[Problem to work on]: Repeat exactly the lines below, from the line containing "आप सभी पत्रकार" through the last line, both included. Leave out any pictures.

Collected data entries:
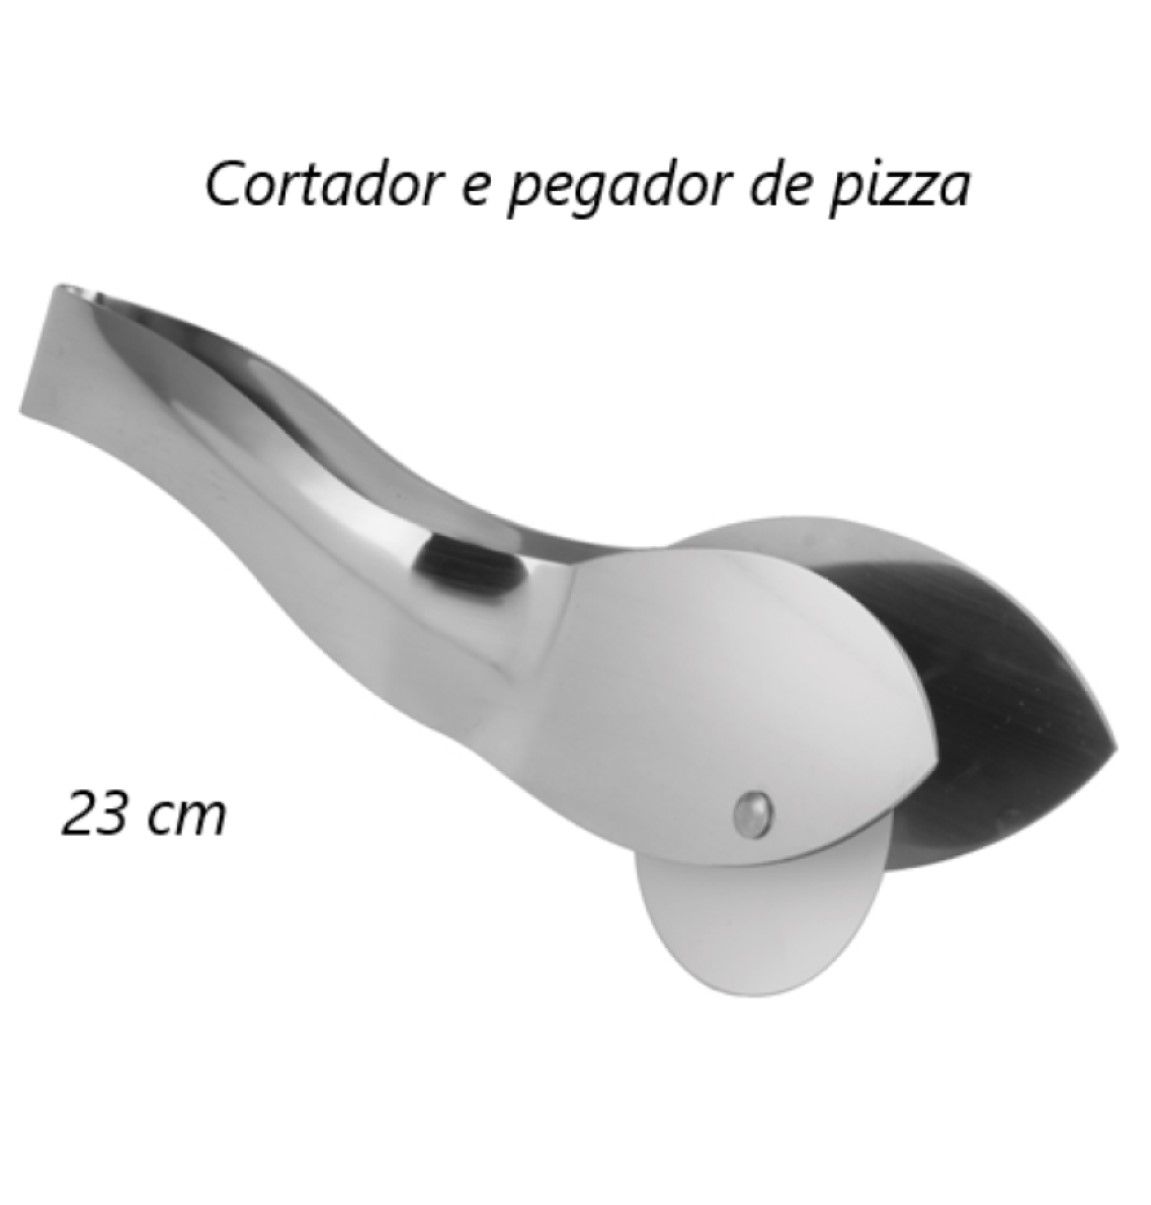 Cortador de pizza e pegador para servir aço inox 23cm uni UD15071
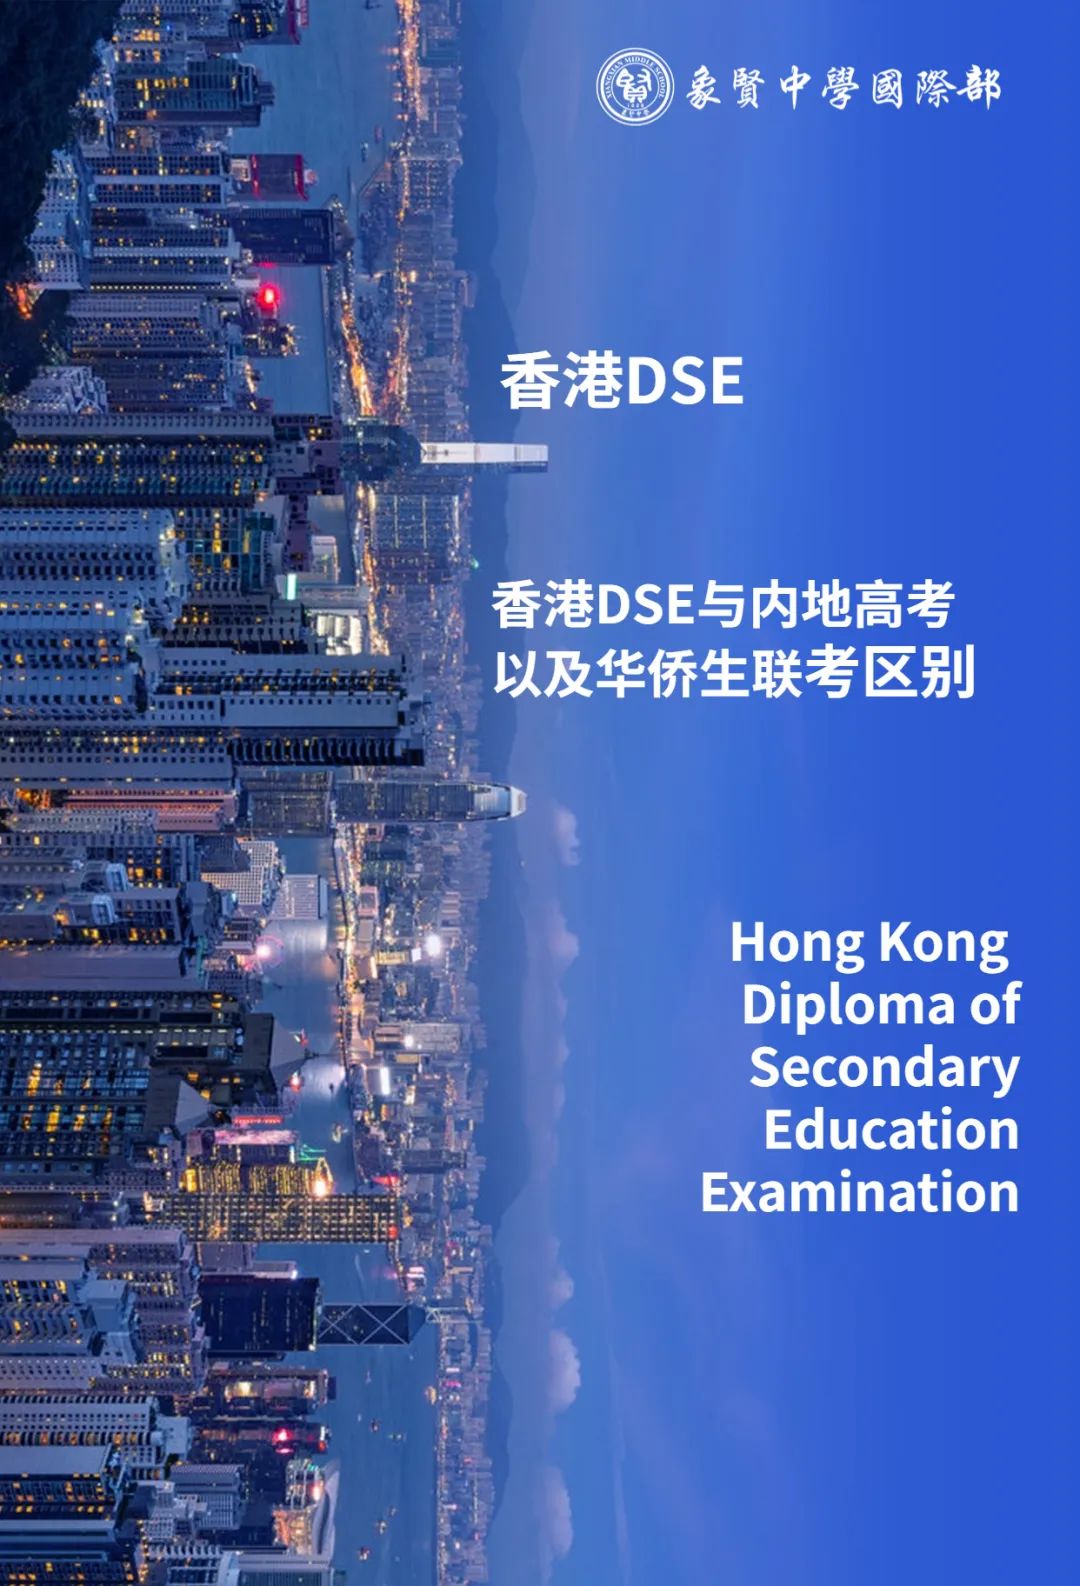 DSE干货分享 | 详细解析香港DSE、内地高考和华侨生联考的区别
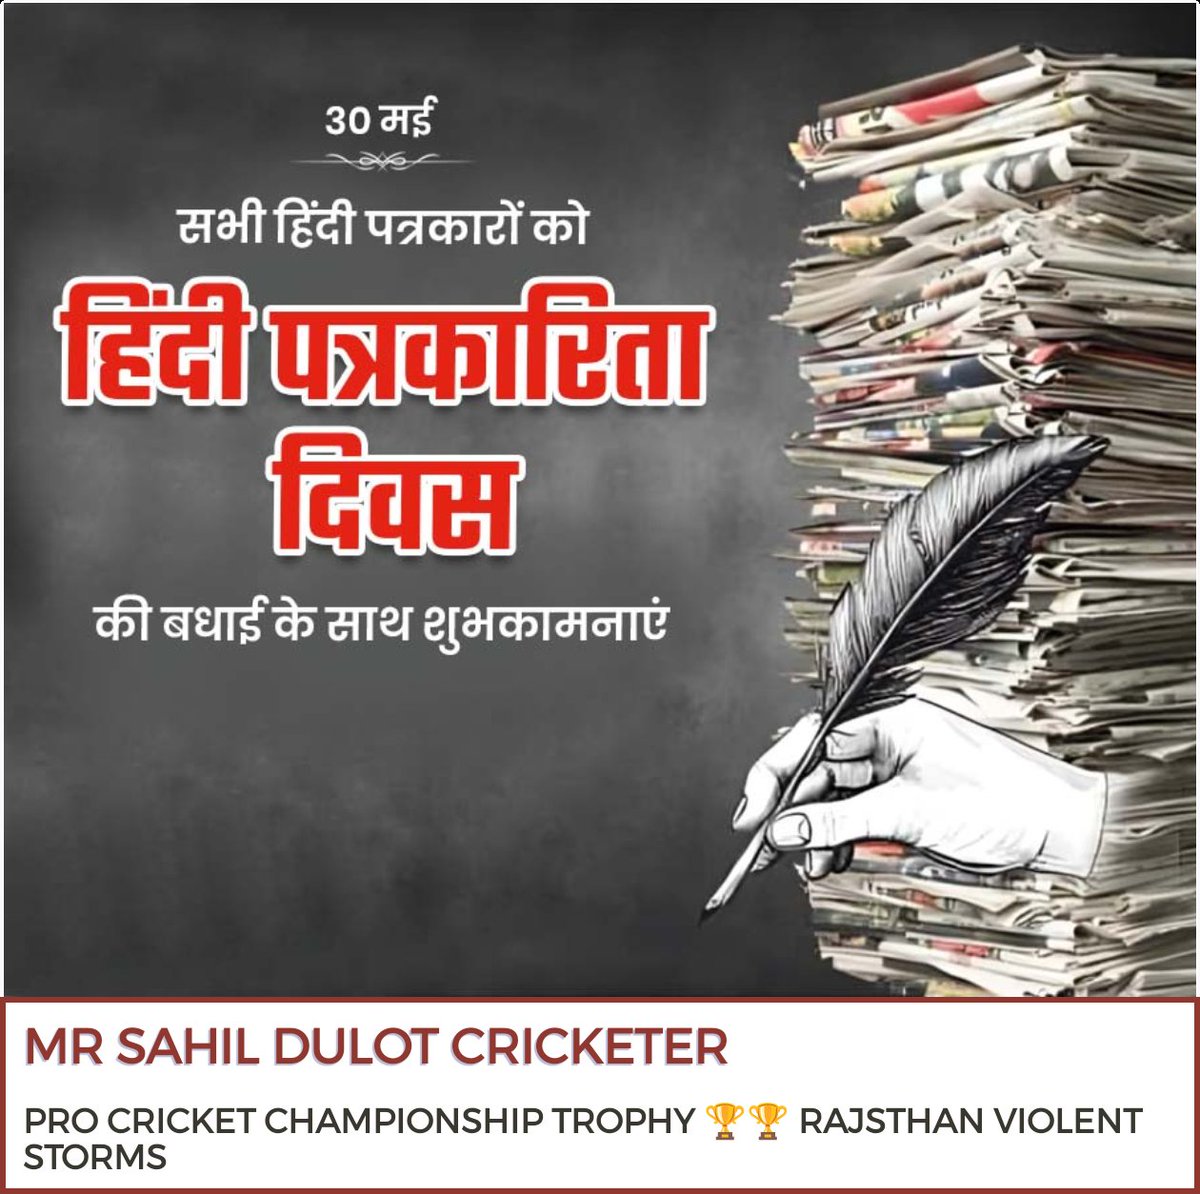 आप सभी पत्रकार बंधुओ को 'हिन्दी पत्रकारिता दिवस' की हार्दिक बधाई एवं आत्मीय शुभकामनाएं।
#हिंदी_पत्रकारिता_दिवस 
#Sahilkhanalwar 
#Cricketer

[Response]:
 आप सभी पत्रकार बंधुओ को 'हिन्दी पत्रकारिता दिवस' की हार्दिक बधाई एवं आत्मीय शुभकामनाएं।
#हिंदी_पत्रकारिता_दिवस 
#Sahilkhanalwar 
#Cricketer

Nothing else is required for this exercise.